In short: Keep on pushing the product. Do not pay much attention behind any of
the hoopla that comes with a product launch - but entertain all opportunities
nonetheless, you never know when the contacts might be beneficial.

Where you have positioned yourself makes this a perfect solution for a small
business or entrepreneur with a unique content offering. The service is
cheaper than Brightcove but more optioned than YouTube. Target coming up with
a Wordpress plugin to market directly to that very powerful segment and
promote to them. Wordpress + your service would be a 80% solution to a
challenging issue related to monetization of video.

Find some way to integrate distribution with YouTube to leverage the power of
their network (perhaps set up a site for preview videos).
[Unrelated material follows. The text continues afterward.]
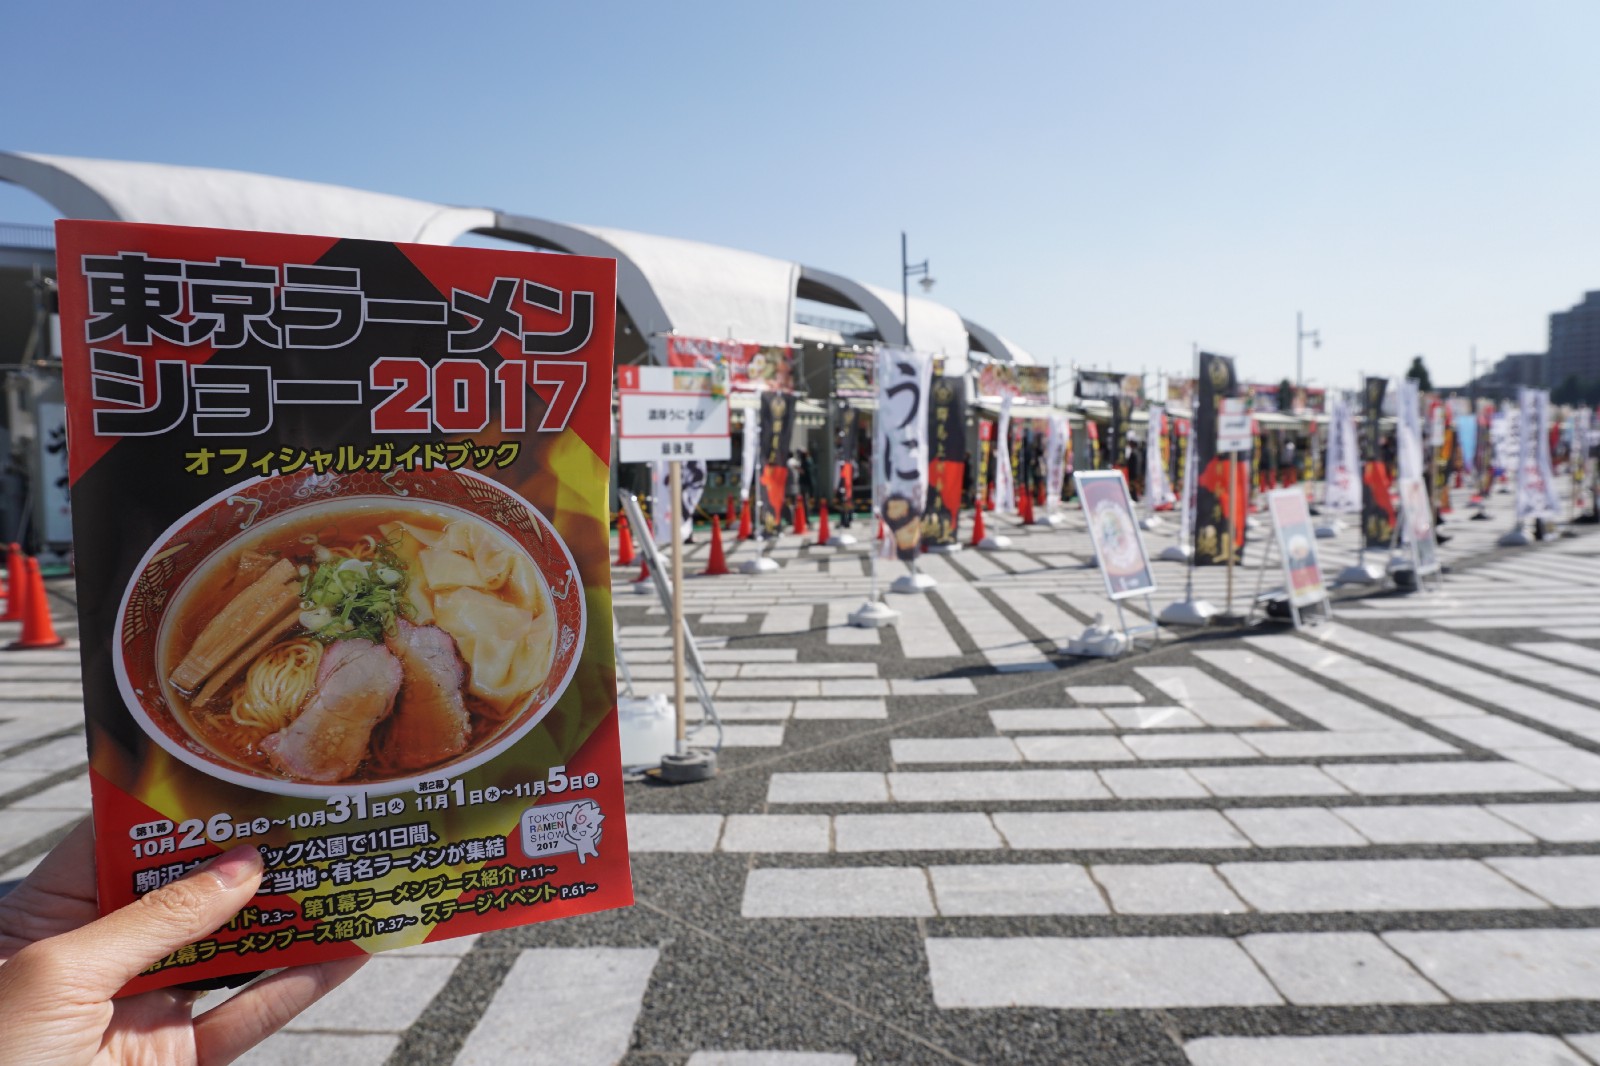 Tokyo Ramen Show is held annually at Komazawa Park, Tokyo

Target the educational video providers (5min and others), make sure you scan
the ENTIRE ecosystem to see what the other competition is doing right / wrong.
See what guitar lesson video producers are using, for example.

Once you have some notable customers (even give away a free/discount account
to a notable customer just to get their testimonial). Post their VIDEO
testimonial on your site.

Even before features, you may want to explain "How it Works" in a brief tab so
that users do not have to view the whole 70 sec video to find out how this
works.

The word "Alfa" in your header is spelled "Alpha" in common English.
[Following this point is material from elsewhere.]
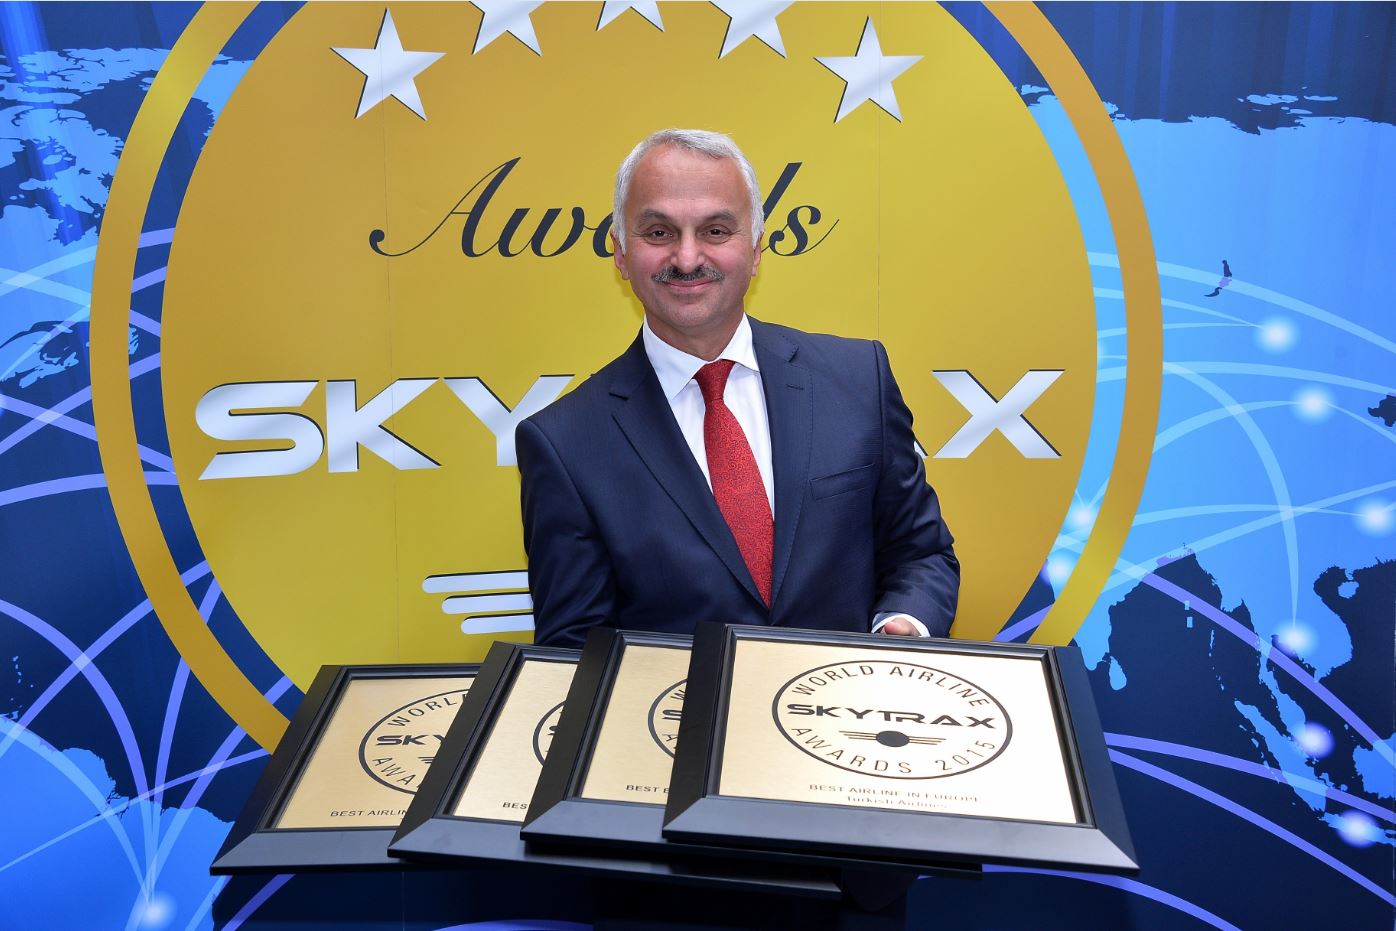 Turkish Airlines CEO Mr, Temel Kotil holding the award

Play the intro video on entry into the page, better yet, create an illustrated
video of how things work (not technical, just illustrative) and place it on
the homepage.

No offense, but I had a tiny bit of trouble understanding what you were saying
in the 70 second video. You may want to replace that with a female voice
reading the script.

I'm not sure I see the pricing model set up working for micropayment videos
(anything less than $4).

Also, how does the authentication/sessions work? Will a user that's paid for
one video automatically be able to buy a another video on the same domain (or
within the Videolla domain) without another authentication?

Reach out to me if you have a viable business and want to sell.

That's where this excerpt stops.